Input
_ _ _

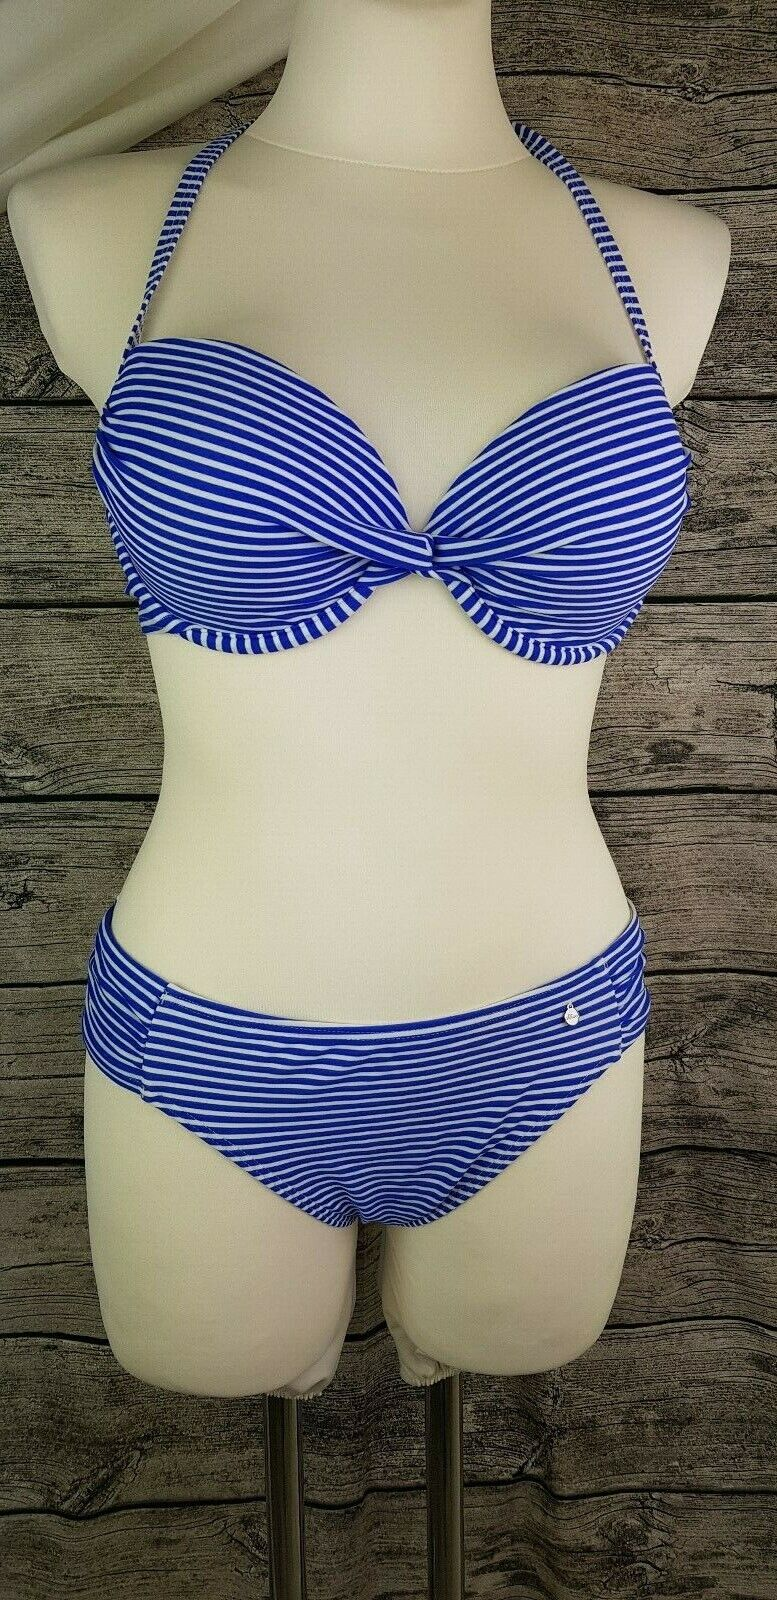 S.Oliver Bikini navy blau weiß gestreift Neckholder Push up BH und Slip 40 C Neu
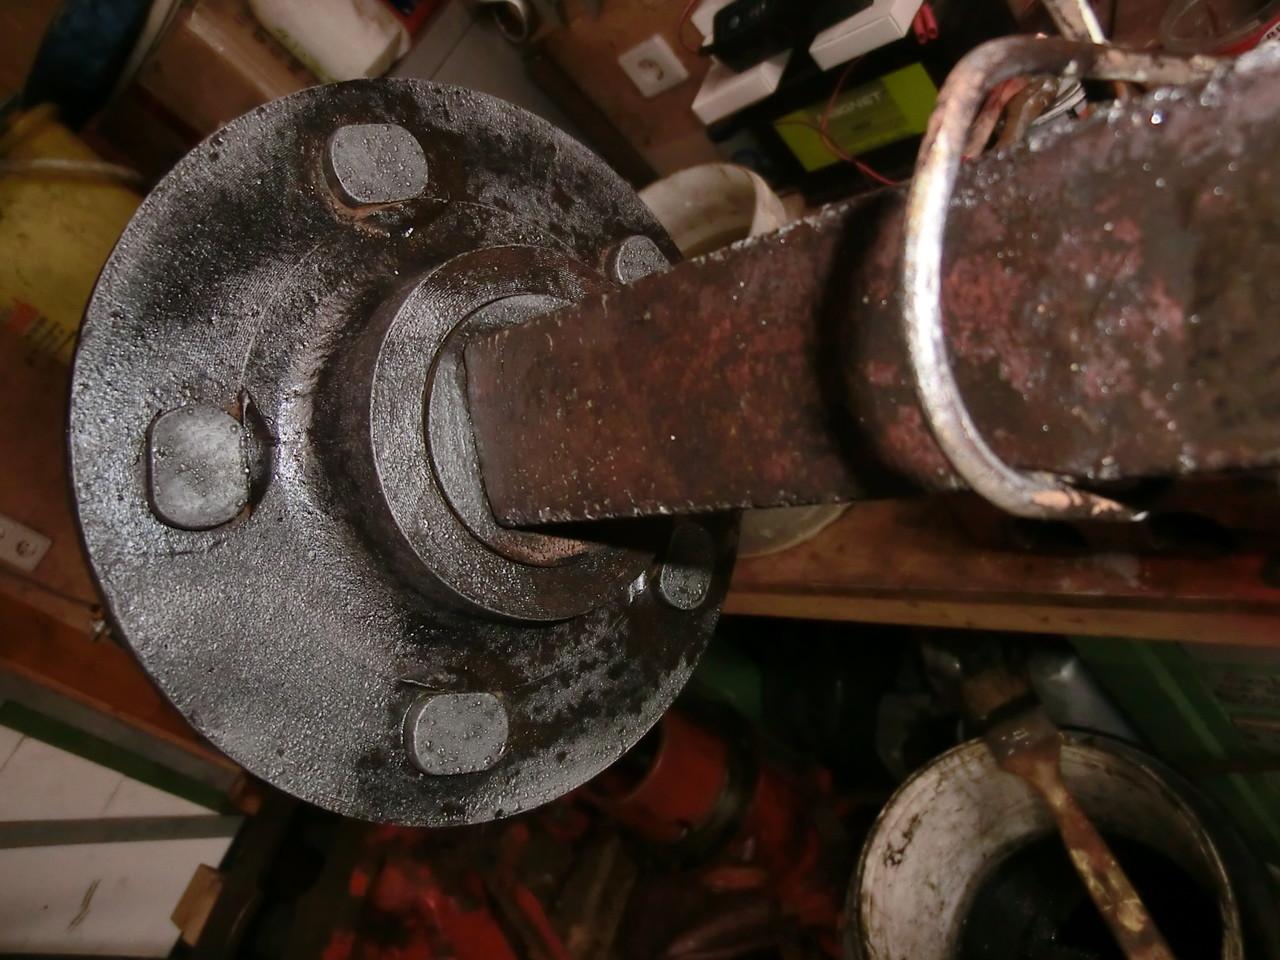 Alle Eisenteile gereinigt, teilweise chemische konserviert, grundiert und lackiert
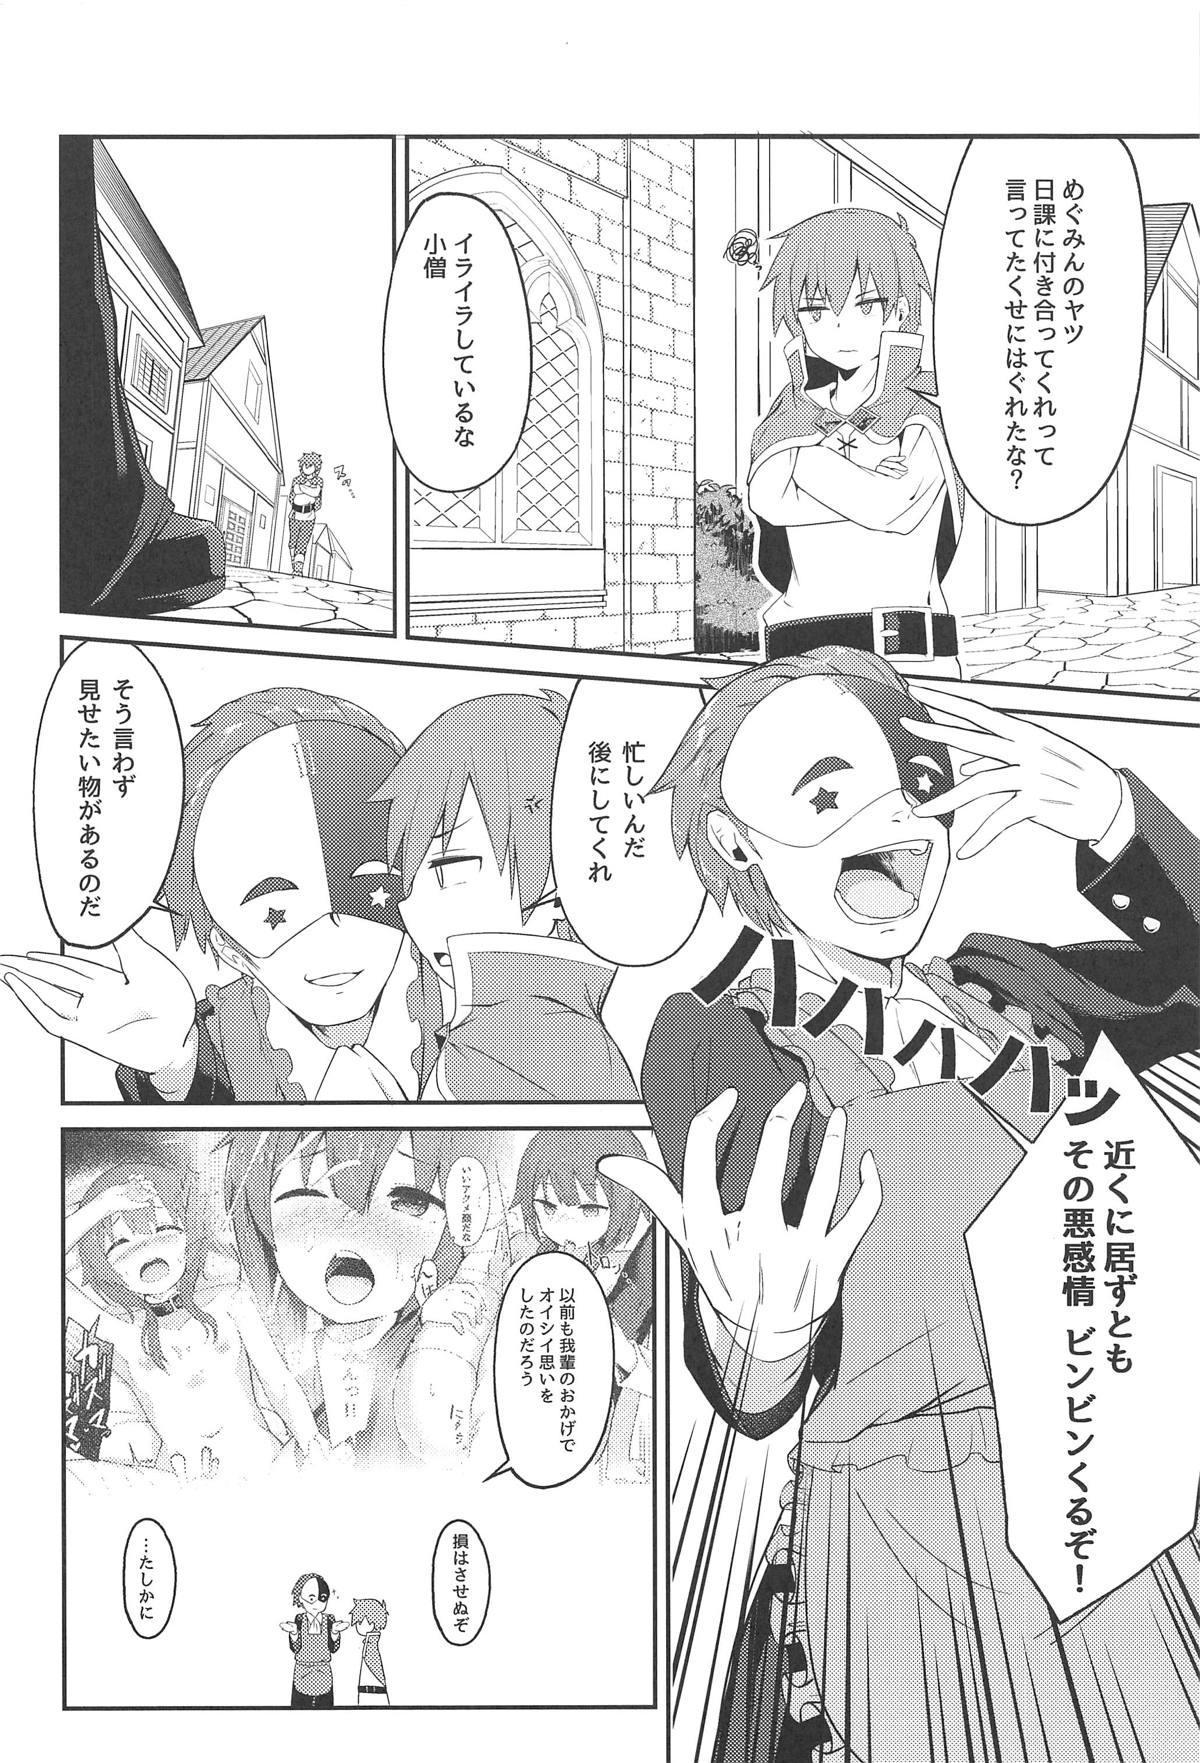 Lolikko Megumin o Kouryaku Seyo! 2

_ _ _

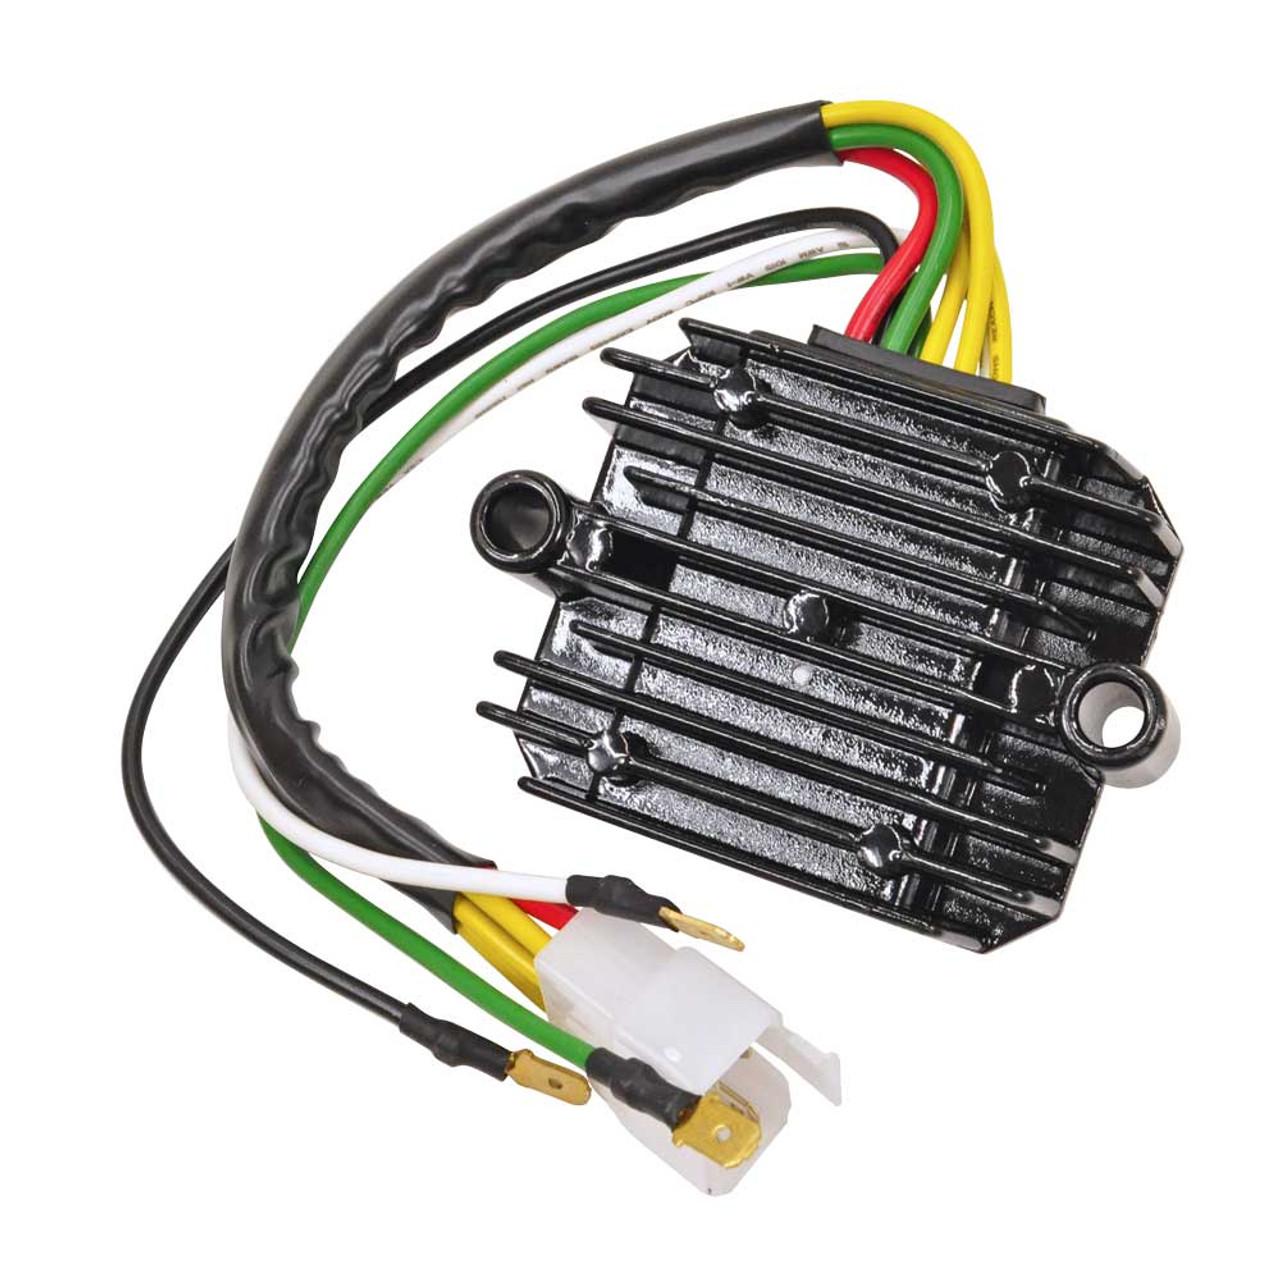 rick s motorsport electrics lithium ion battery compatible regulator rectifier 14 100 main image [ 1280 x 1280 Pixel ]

_ _ _

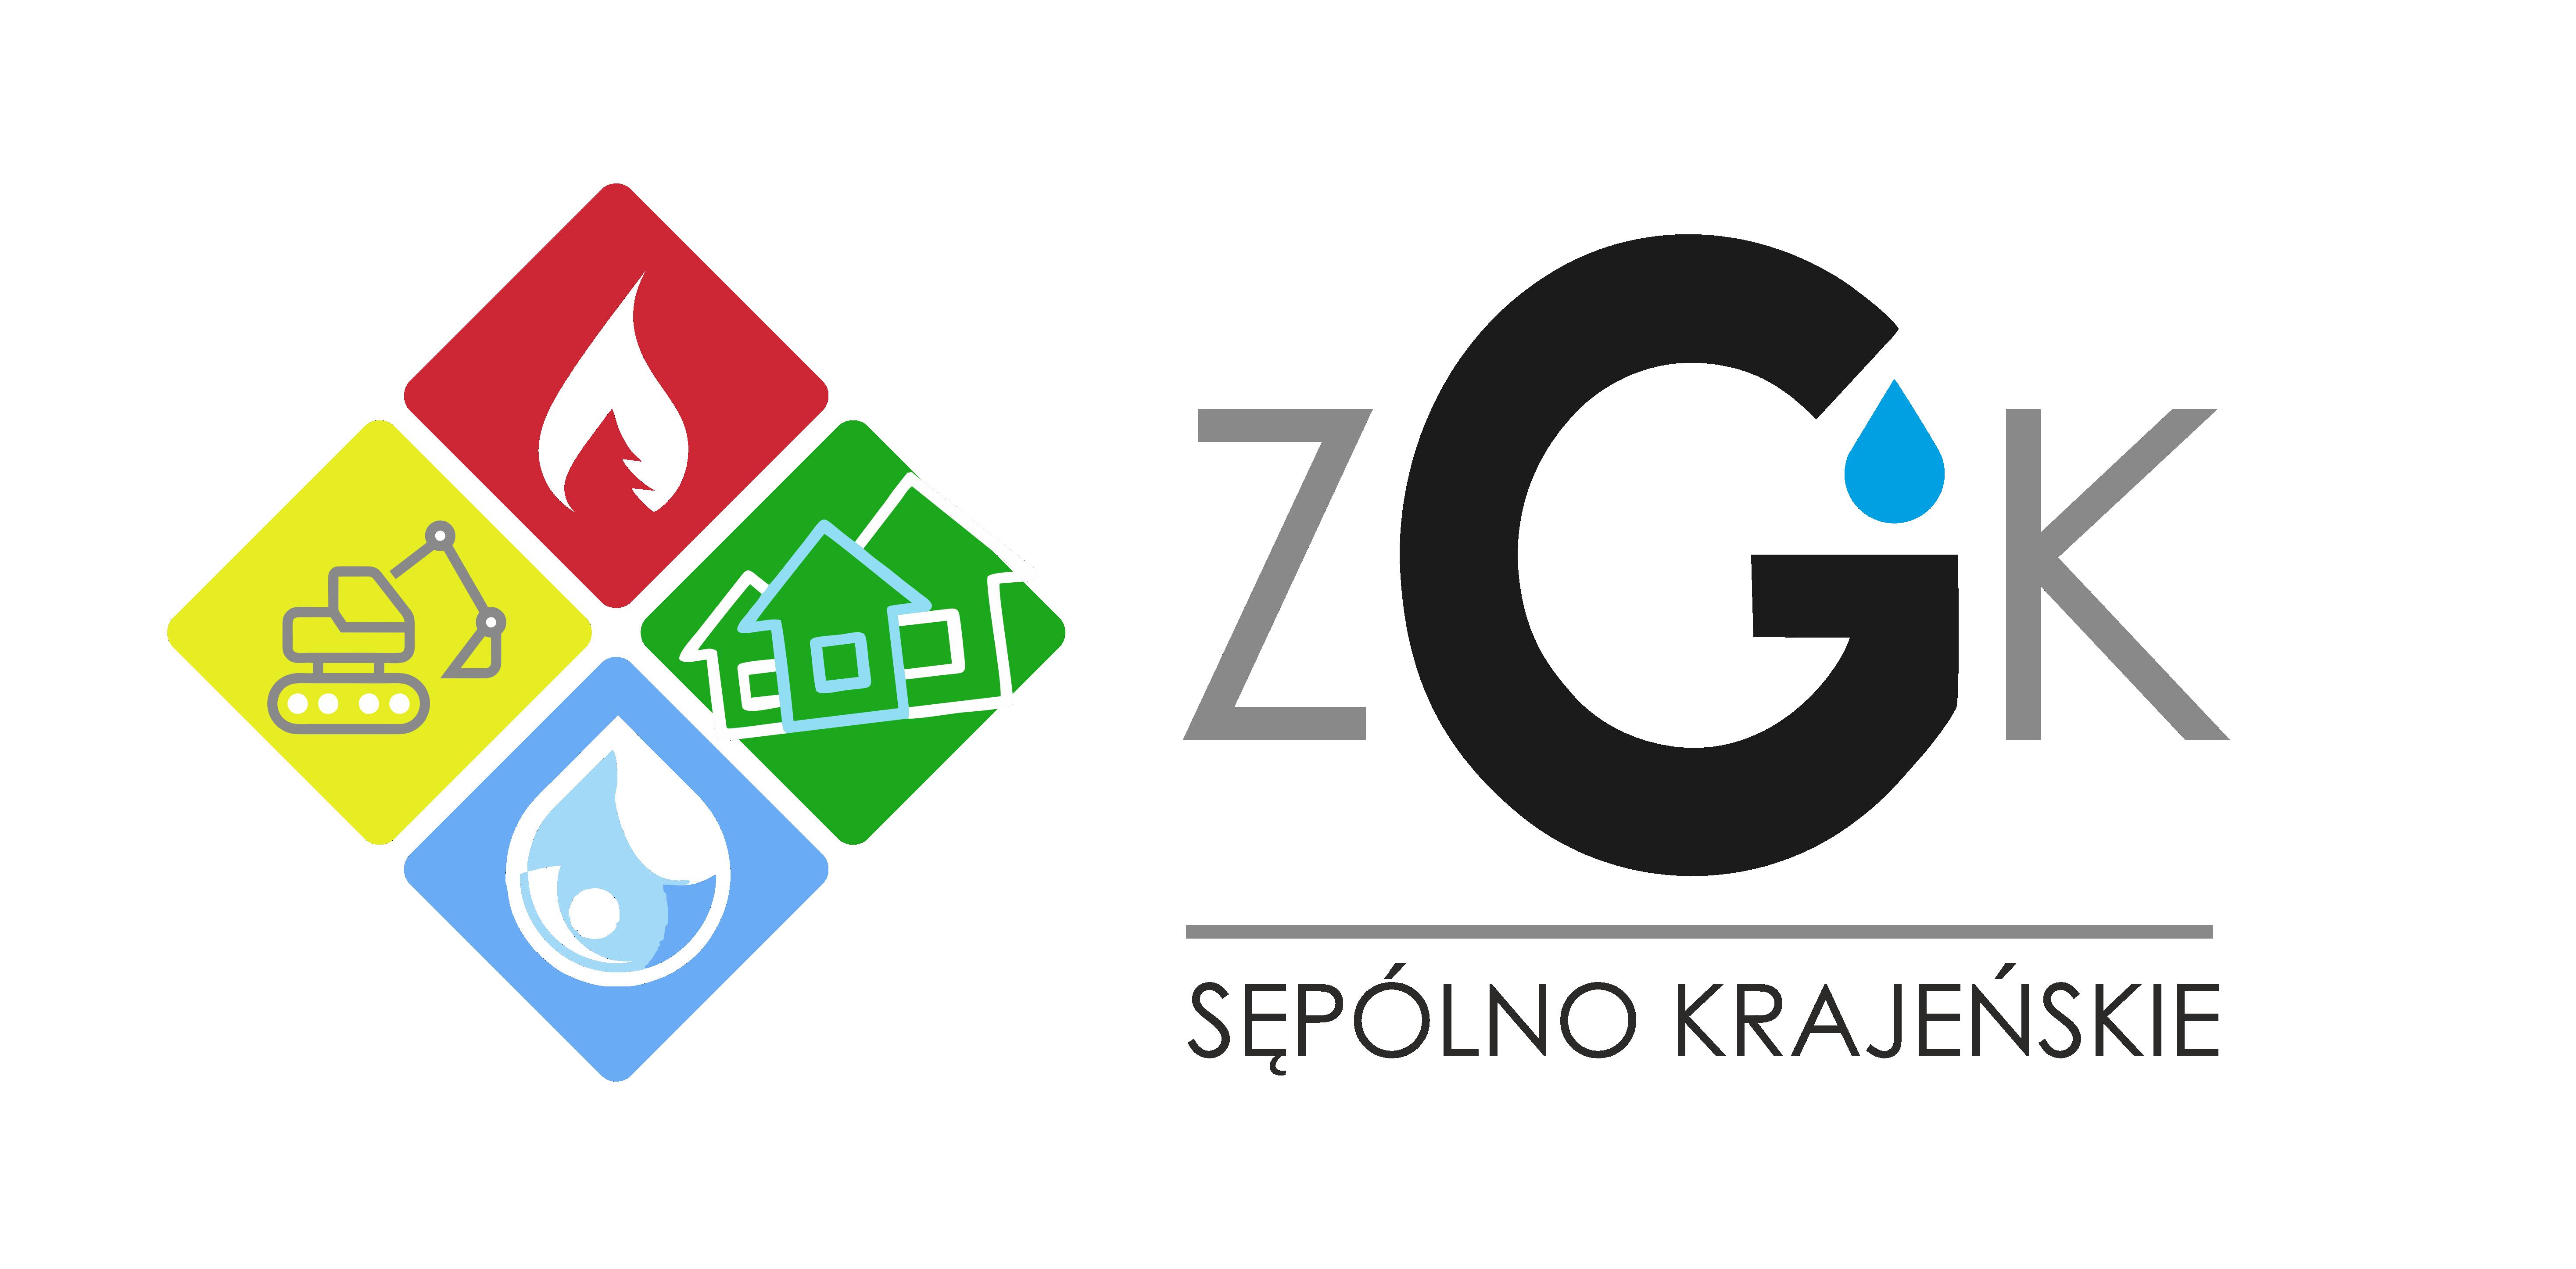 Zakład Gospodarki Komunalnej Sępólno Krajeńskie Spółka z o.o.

_ _ _

Action item
Copy out exactly the material that runs from the line with "S.Oliver Bikini navy" to the line with "Lolikko Megumin o Kouryaku Seyo! 2", ends included, and leave the pictures behind.

Solution for this exercise
 S.Oliver Bikini navy blau weiß gestreift Neckholder Push up BH und Slip 40 C Neu
 Alle Eisenteile gereinigt, teilweise chemische konserviert, grundiert und lackiert
 Lolikko Megumin o Kouryaku Seyo! 2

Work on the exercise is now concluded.